LITTLE VALLEY - Signs, signs, everywhere a sign - especially in the Cattaraugus County Public Works Department's sign shop.
The county has operated its own sign shop since the late 1930s. While there have been many changes over the years, the biggest change has to be that signs are no longer hand-painted on wood. Today's signs require high intensity reflectivity for improved safety and visual clarity. The shop is designed with specific equipment to increase its usefulness, productivity and operational effectiveness.
"We can do almost everything in-house, which saves time, money, and gets the sign out in the field sooner to protect the traveling public," said Mark Loveless, sign technician.
From left are Sam Grey and Jim Frentz, sign maintainers; Mark Loveless, sign technician; and Bob Learn, senior traffic sign maintainer.
The shop team has a sign technician, senior traffic sign maintainer and two traffic sign maintainers. The team maintains an inventory of 10,000 signs and will make and install almost 500 signs during construction season.
"This team is capable of taking an order, making the sign, and placing it within a 24-hour period, depending on its location," said Bob Learn, senior traffic sign maintainer.

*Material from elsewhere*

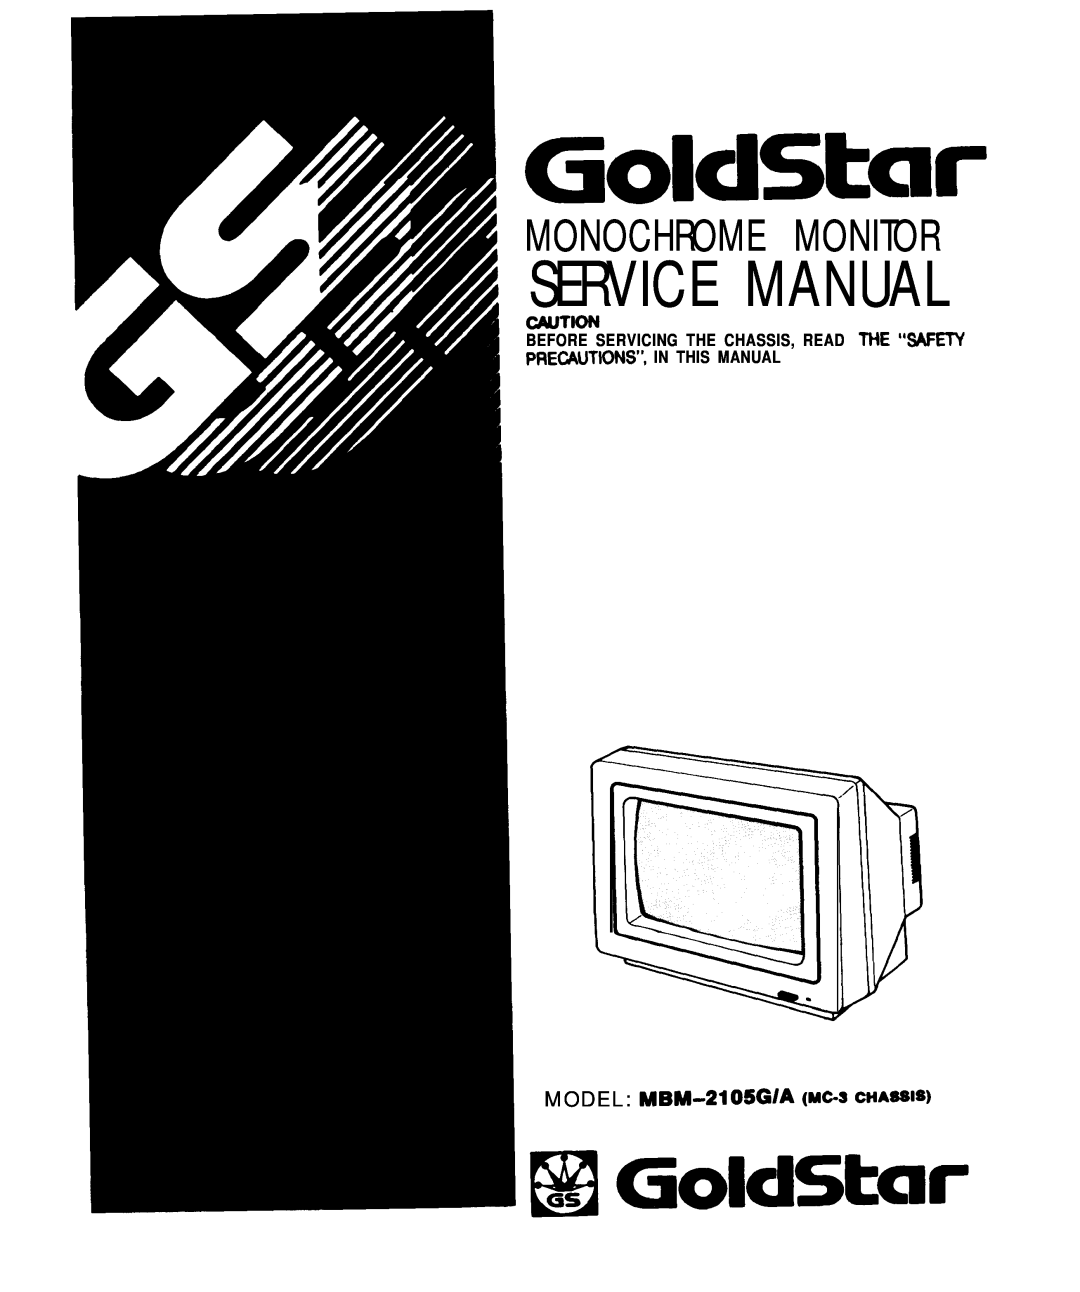 Goldstar service manual MODEL MBM-2105GIA MC-3 CHA=W, GolclStar, B GoldStar, Monochrome Monitor 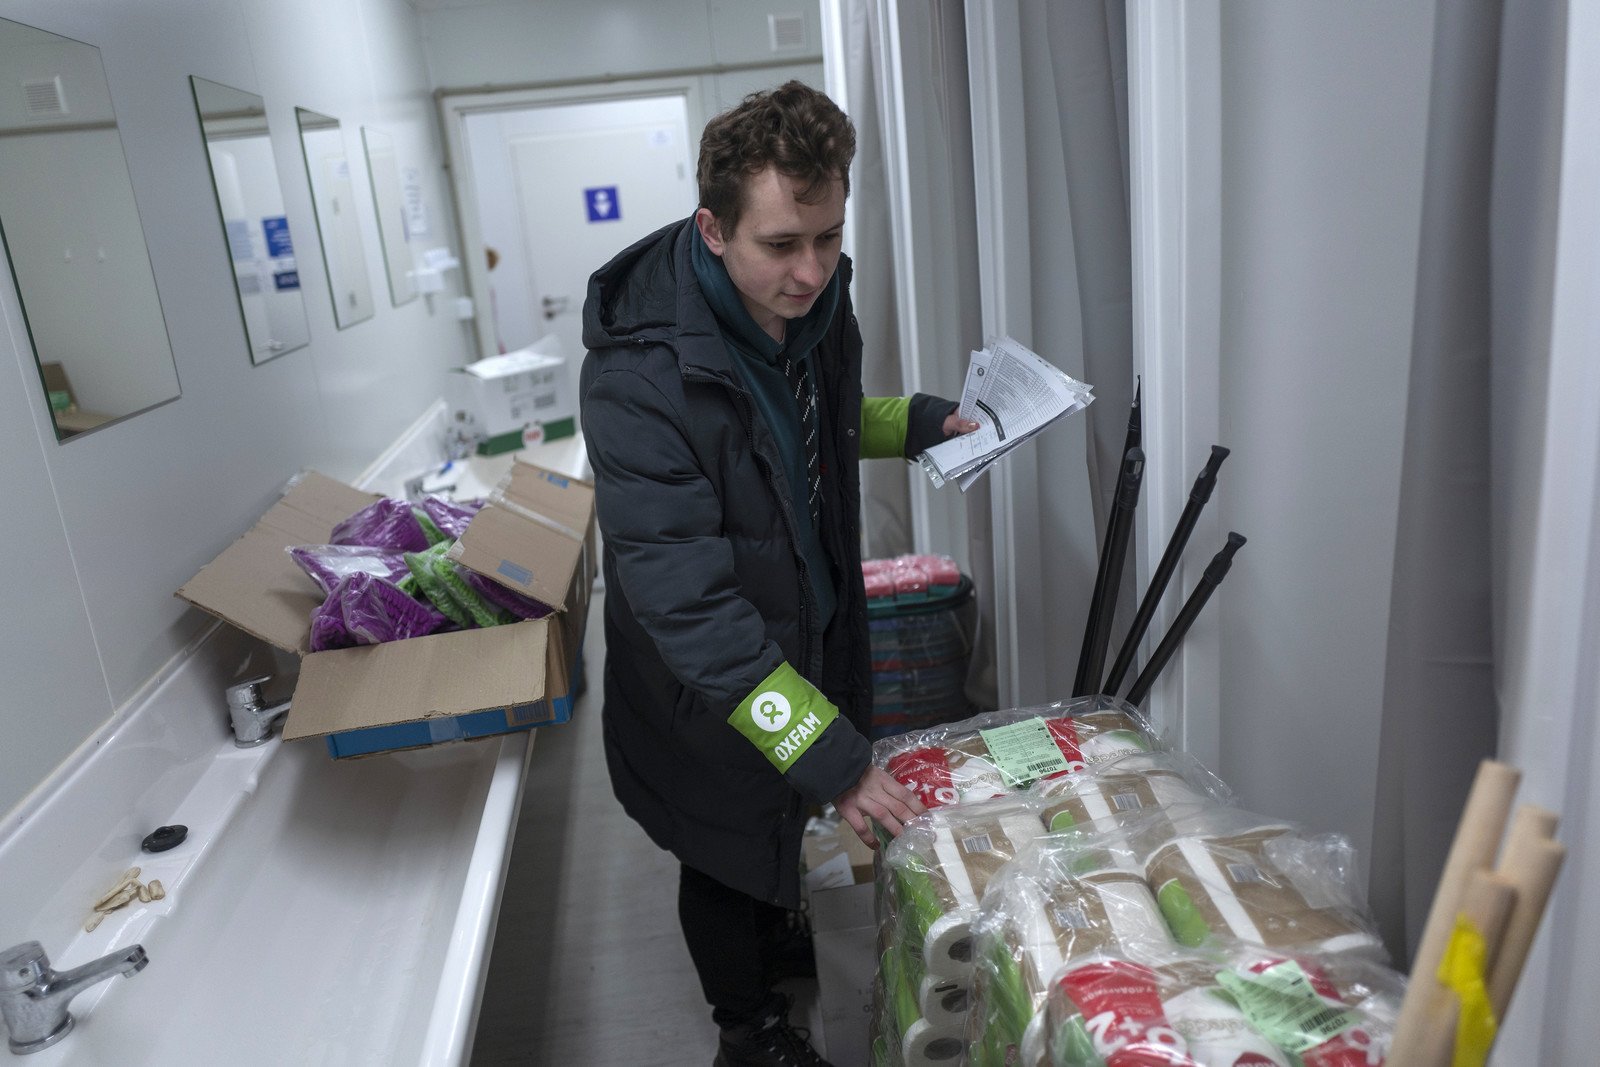 Oxfam staff arranges hygiene items for displaced people in Novoselivka

In addition to county signs, signs are also made for other counties, municipalities, the state Department of Transportation, police and fire departments and school districts.
Traffic control in New York state is governed by numerous requirements from the following sources: Federal Manual of Uniform Traffic Control Devices; New York State Supplement to the Federal MUTCD; New York State Highway Law; New York State Vehicle and Traffic Law; and local laws and ordinances. Creating signs that follow all these rules and regulations, and provide for and promote the safe and orderly flow of traffic, means the requirements must be applied each time a sign is requested. The information is then used to determine size, color, shape, reflectivity and where the sign must be located.
"There are two major challenges that we must deal with on a regular basis," Loveless said. "The first is in the interpretation and application of these regulations when producing and placing signs. The Sign Shop team takes a methodical and conservative approach in everything we do."
The next issue is signs are seen as the ultimate solution to traffic control issues, such as speeding.
"Signs only work when followed, they are not self-enforcing," Loveless said. "The influence of a sign is limited to the willingness of people to read them and comply."
Misuse of signs for traffic control can lead to confusion, frustration and create unsafe conditions.
"Over-signing is never an option for controlling traffic, nor is it a best practice to place undue inconvenience on the traveling public," said Learn. "A sign is placed to provide a uniform and easily understood message that allows drivers to make the proper choices for their safety."
The process for making any sign starts with a request and a location selection. The team will then make sure that this sign will not conflict with any other sign in that location.
A review of regulatory documents will be conducted for compliance, sign reflectivity, and placement.
A team member will contact Dig Safely New York to prevent any damage to underground pipes or lines prior to driving in the sign post.
Sign posts are designed to yield on impact to avoid any injury to the driver. Special bolts are used to prevent tampering and theft.
"When disasters hit, such as the Gowanda Flood in 2009, this department is the first place other agencies turn for help," Loveless said. "We are fortunate to have the capability to produce signs in-house faster than they can be obtained from outside sources, and generally at a lower cost."
Loveless is considered a resource on the state and federal level in dealing with the ever-changing world of traffic control. His knowledge of traffic control rules and regulations have been sought by other municipalities, as well as Cornell's Local Roads Program.
Among the team's favorite projects are the creation of E911 signs. The signs, which are color-coded by fire district, were created to help emergency personnel find those in need of assistance. The signs have helped improve response times in Cattaraugus County.
The team also implemented its own "recycling program."
Instead of discarding an old sign, it is recycled with a new face using the old substrate. A typical used highway sign can be upgraded to "as new" condition, which reduces costs and makes tax dollars go further.
"A few years ago, the sign shop in Hamburg, N.Y., which was operated by New York state Department of Transportation, was closed," Loveless said. "Those municipalities and agencies that depended on those services now come to us for their signage needs. After all, that's why we are hereto protect public health and safety."
Loveless said he enjoys the challenge of using his knowledge and experience regarding signs to protect the traveling public. Learn reiterates Loveless' sentiment.
"I take pride in looking back at an area where we just upgraded it," Learn said. "There is even more satisfaction when you get to see the first person drive through that area after it's been reopened."
Jim Frentz, sign maintainer, said he likes the variety that the work involves.
"Every day is different,'' he said. "That's what makes it so enjoyable. And, meeting the public when you're out on a job is a plus. In the end, it's all about protecting the traveling public."
Signs have come a long way from the days of hand-painting on wood.
Today, there are reflectivity standards that provide drivers better visibility during the day or night, and in inclement weather.
Reflectivity standards have five different grades and include, from highest to lowest reflection: diamond grade fluorescent, diamond grade, high intensity prismatic, standard high intensity and engineering grade.
Engineering grade is used for parking and other signs where reflectivity is not as important for safety.